Of course, if you want to run that right now, adding swap is easier than adding memory. To add swap, you could just do:
touch /mynewswapfile swap -a /mynewswapfile 256000which instantly and magically adds another 128 MB of swap to your system. Note that's not permanent; you'd need to redo it at every boot.
So how much swap do you need? Who knows? What kind of programs are you running? How much data and stack do they need? How much dump space do you think you'll need? That's the only way you could try to really figure it out; most folks just add 50% to memory and hope for the best. But if the only use is for dump, does that make any sense? Will you just be adding 50% more memory?
With today's large hard drives, it doesn't cost much to configure more swap than you think you'll ever need. When does it become ridiculous though? If you currently run 128 MB of memory, should you size for potentially having 256 MB? 512? A gigabyte?
If you have a separate dump device, and lots of real memory, you may not need much swap at all. I think I'd always configure some, just in case there's some kernel code somewhere that expects it, but that may not even be necessary- in fact, it's darn unlikely. You should certainly understand (despite the "common knowledge" to the contrary) that virtual memory doesn't NEED swap- swap can and will be used for vm, but it isn't REQUIRED. As for dump space, it's needed if you ever need it AND you expect to be analyzing the results. Otherwise, it truly is wasted space, and while today's hard drives are inexpensive, you might have better use for that space.
Bela Lubkin was kind enough to make some comments and suggestions on this article which caused to me to rewrite a few sections of it trying to make things clearer. Whether I succeeded or not, I thought it would be good to add his actual comments here also, and he agreed to publish his email. What follows is extractions from those emails with explanatory comments from me in italics.
Here I had said that I hadn't stressed "freemem" in the original article because it didn't seem important to me in the context of writing about swap:
(Bela)
It is definitely important. freemem measures the amount of actual RAM that isn't currently in use, while availsmem measures the amount of virtual space that hasn't yet been promised to someone. availsmem is the upper bound on how much [measured in terms of memory usage] you can run at all. freemem is the upper bound on how much you can run without actually performing swap I/O, which is rather costly in performance. If you were to graph performance vs. memory usage, you would see something like this:
100% |====================================
| /=====
| (1) =====
| =====
| /==
| (1) memory getting tight(*); kernel starts to (2) ==
| page non-dirty pages out of executable ==
| binaries and other such read-only sources ==
| ==
| (2) freemem approaching 0 (crosses GPGSHI), kernel /=
| starts paging dirty pages out to swap (3)=
| =
| (3) all inactive pages have been written out to swap(@); =
| active pages start getting written out to swap; =
| system starts to thrash =
|
0% +-----------------------------------------------------------------------------
(*) I'm not sure what the exact technical threshold is here. It
isn't GPGSHI, it isn't MINASMEM...
(@) This isn't a technical threshold; more of a user tolerance
threshold. As you run more stuff, and as that stuff touches
more of its memory more frequently, and as a higher
percentage of that memory gets pushed out to swap,
performance is going to degrade rapidly until the user finds
it intolerable.
Also, there's no real distinction between "active" and "not
active" pages, in this context. The question is, on average,
how long will it be before this page that's being written out
to swap will be needed in RAM again? The kernel has
strategies which make this average quite high when things
aren't too tight. As memory tightens, the average
necessarily goes down. When a significant portion of memory
accesses actually become disk accesses, performance is
extremely degraded; time to add more RAM.

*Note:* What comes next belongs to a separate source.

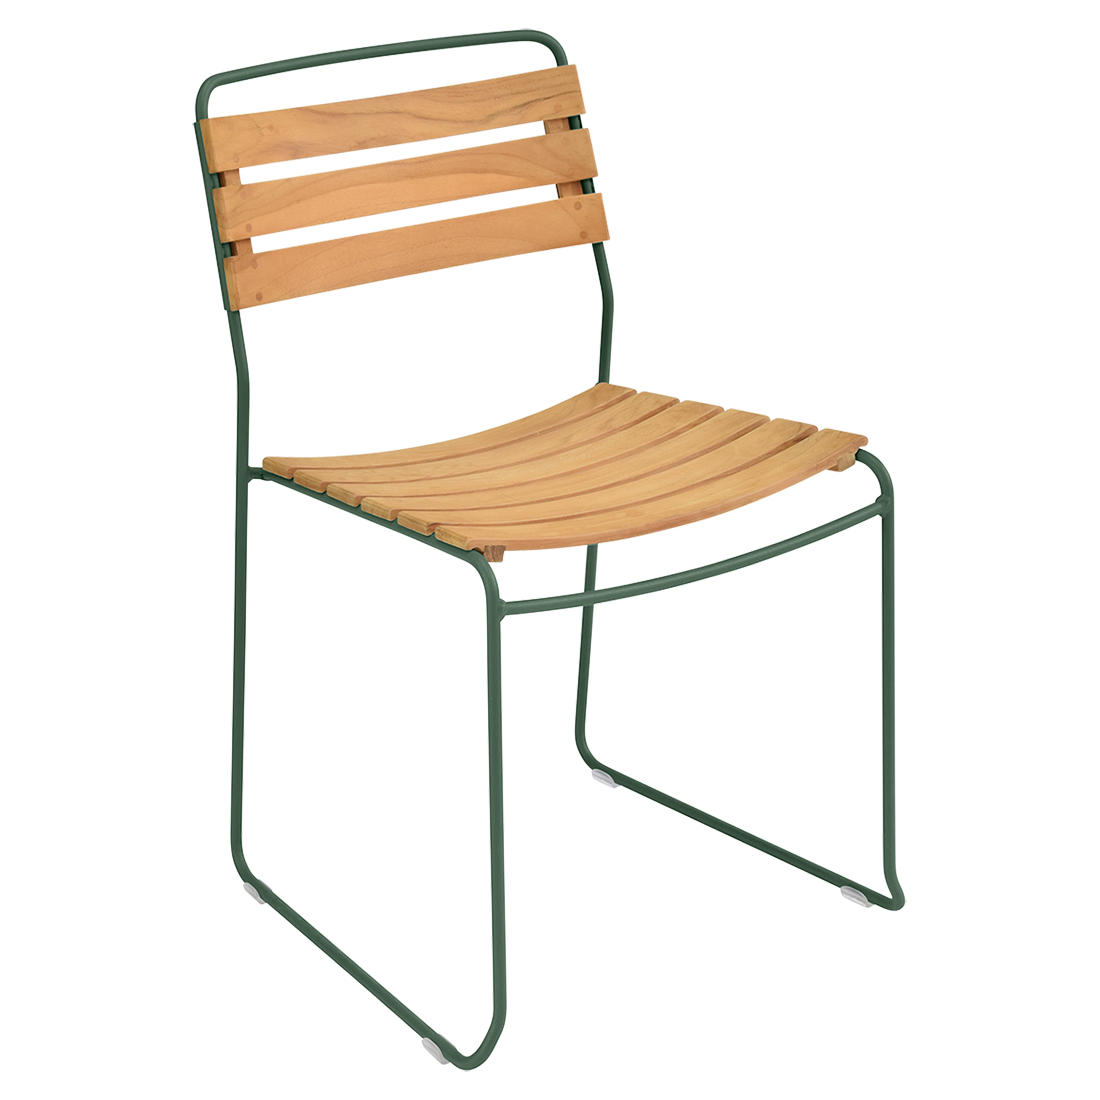 chaise surprising, chaise fermob, chaise bois et metal, chaise de jardin, chaise design, chaise bois et vert, guggenbichler

freemem is important for performance; availsmem is important for being
able to run things at all -- quickly or not.
=============================================================================
The independence of these variables is also quite confusing. For instance, availsmem can approach 0 while freemem is still a large number. It's easy -- just run a lot of programs (like the examples in this question) which *allocate* a lot of memory, but never touch it. Suppose a system had 64MB RAM and 256MB swap. It would start out with availsmem around 80000 (*4K) and freemem around 15000. Now run 10 instances of a simple program that allocates 30MB of RAM, but doesn't touch it. These will decrement availsmem by about 300MB == 75000, leaving about 5000. But they won't take up an appreciable amount of real RAM, so freemem's still around 15000. Now try to run one more copy. There is still plenty of freemem; `sar -r` "freemem" looks fine. But you get EAGAIN because the program can't allocate another 7500 pages of availsmem.
What good is this mechanism doing? Well, what if all those programs *did* suddenly start touching their memory. The kernel would have to find actual backing store for those pages -- either RAM or swap. availsmem tells it how many pages of that backing store are not yet claimed. Thus, it can prevent a process from starting, which will require memory that might eventually not be available. The mechanism has an underlying assumption that processes will *not*, in general, allocate huge amounts of memory that they won't actually use. When that assumption is broken, the mechanism is over-protective -- it prevents you from using your RAM just because someone is hogging (and not using) address space.
I had responded with:
> And there's a common misunderstanding: most folks seem to > believe that it has to be swap, and it doesn't. If it did, > I'd never be able to run 60 MB of programs when swap was 1 > MB. I could be wrong, but I believe that the source of > this is that older Unices (like Sun 4.x releases) actually > DID require swap space, and couldn't use ram- but I don't > have one of those anymore to mess with, so I can't be sure..
(Bela)
Some versions of Unix use static mappings of virtual space to swap space. The act of allocating virtual space (whether through malloc() (== [s]brk()), growing your stack, fork(), or initial mapping of a process's .data and .bss) also allocates matching pages of swap. In such a system, the total weight of processes that you can run at once equals your swap space. OSR5 doesn't bind virtual space to specific swap pages; as a result, it can use *all* of the potential backing store -- both RAM and swap -- to hold the combined weight of processes.
Then I asked:
> One more thing: suppose you actually had 4 gig of RAM. I'd > assume, given what I think I know about OSR5, that there > would be no point in having swap (assuming separate dump) at > all- that availsmem couldn't exceed 4 gig anyway? Not > anything I can test with my cheap hardware!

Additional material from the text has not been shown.